P12573 [UOI 2023] An Array and XOR

Given an integer $m$, an array $a$ of non-negative integers of length $n$, and $q$ queries of the form $l_i$, $r_i$. All elements of array $a$ are less than $2^m$. Let us define the function $f_i(x) = \min_{j \in [l_i, r_i]} (a_j \oplus x)$, where $\oplus$ denotes the bitwise exclusive OR operation.

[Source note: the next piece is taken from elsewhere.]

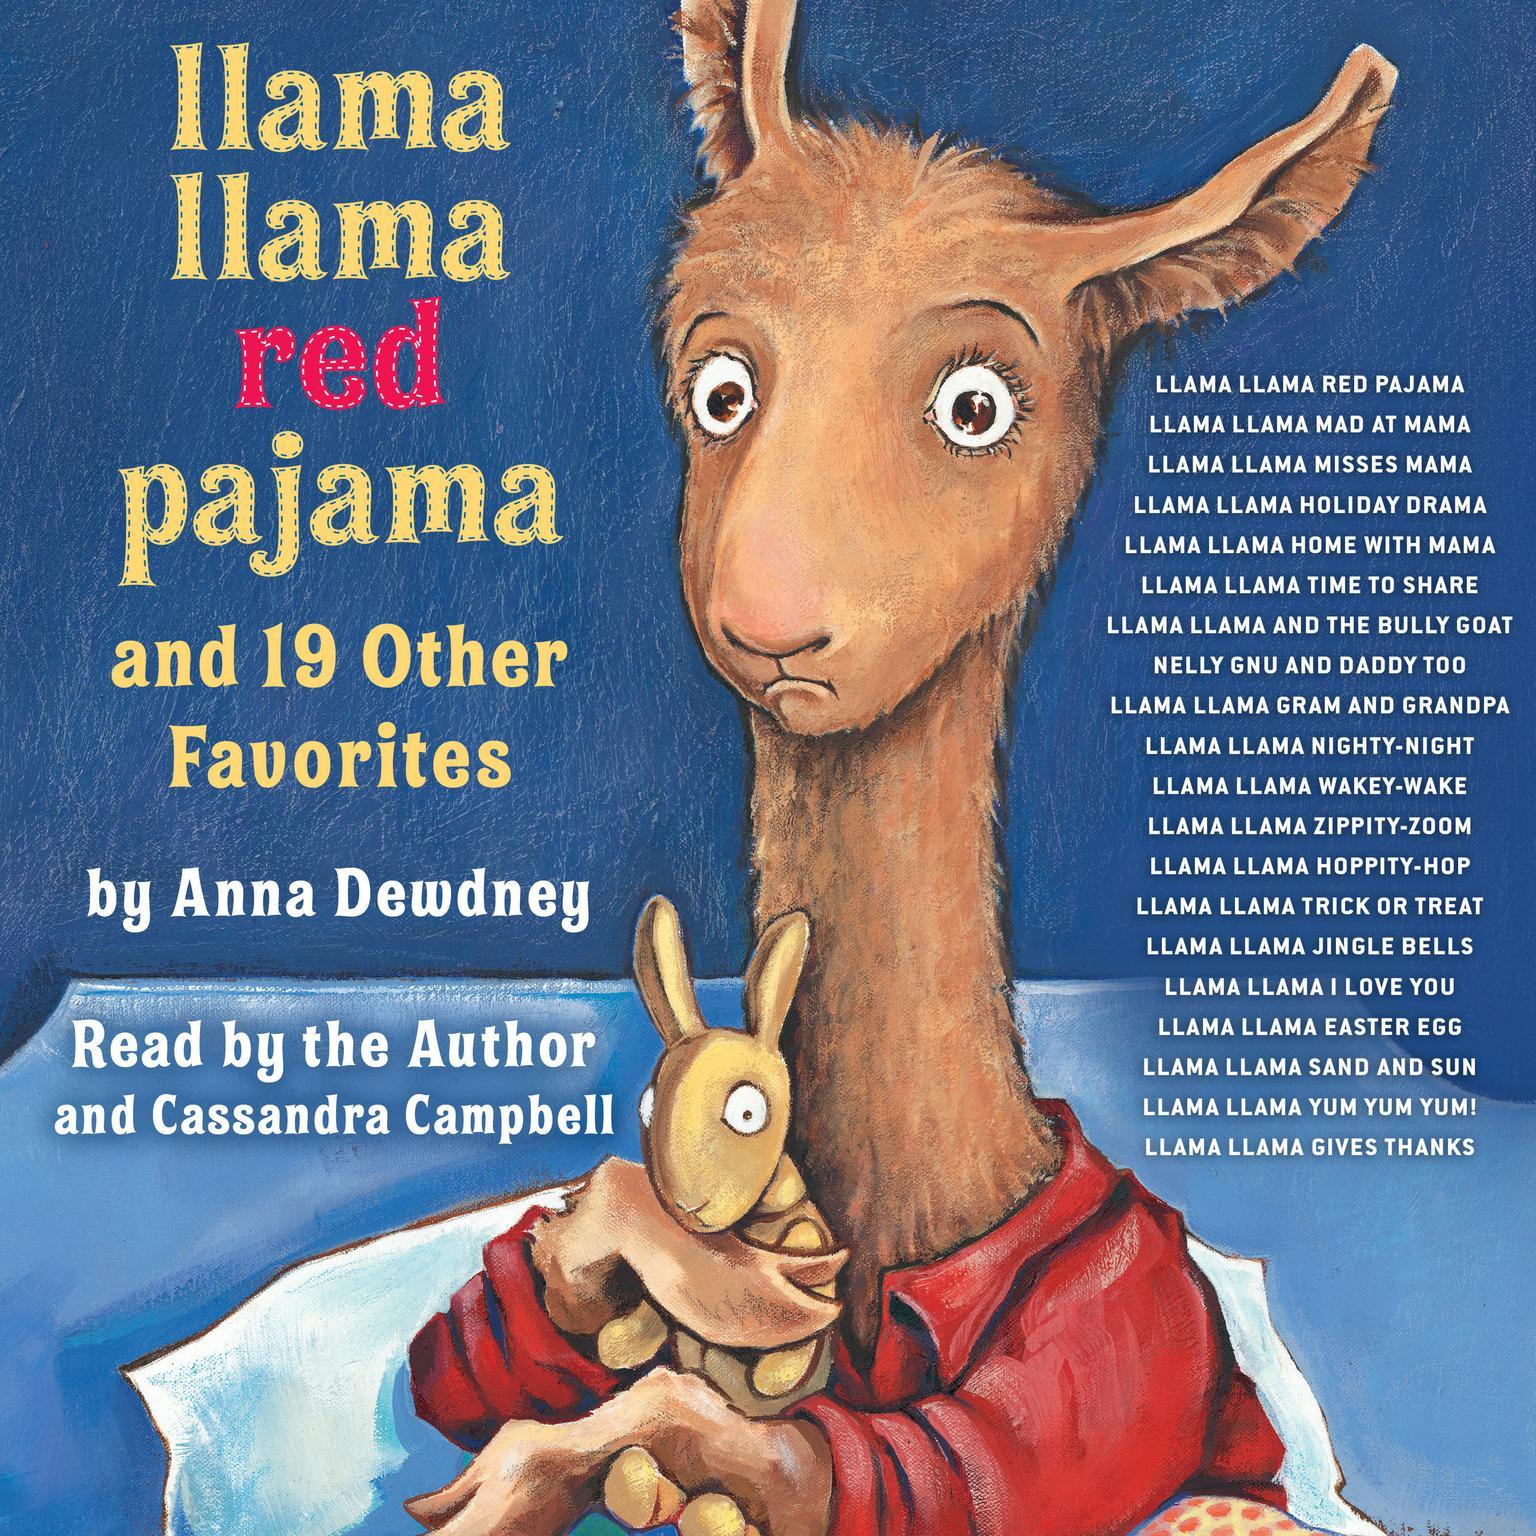 Llama Llama Red Pajama and 19 Other Favorites: Llama Llama Mad at Mama; Llama Llama Misses Mama; Llama Llama Holiday Drama; and More Audiobook, by Anna Dewdney

For each query, you need to find the value $\max_{x \in \{0, 1, \ldots, 2^m-1\}} f_i(x)$. Bitwise exclusive OR of non-negative integers $a$ and $b$ $(a \oplus b)$ equals a non-negative integer that has a 1 in a certain position in its binary representation if and only if the binary representations of $a$ and $b$ have different values in that position. For example, $3_{10} \oplus 5_{10} = 0011_{2} \oplus 0101_{2} = 0110_{2} = 6_{10}$.

The first line contains three integers $n$, $q$, $m$ ($1 \le n \le 10^5$, $1 \le q \le 5 \cdot 10^5$, $1 \le m \le 50$), representing the length of the array, the number of queries, and the limit on the elements of the array, respectively. The second line contains $n$ integers $a_1, a_2, \ldots, a_n$ ($0 \le a_i < 2^m$), representing the elements of the array. The following $q$ lines each contain two integers $l_i$ and $r_i$ ($1 \le l_i \le r_i \le n$), representing the parameters of the $i$-th query.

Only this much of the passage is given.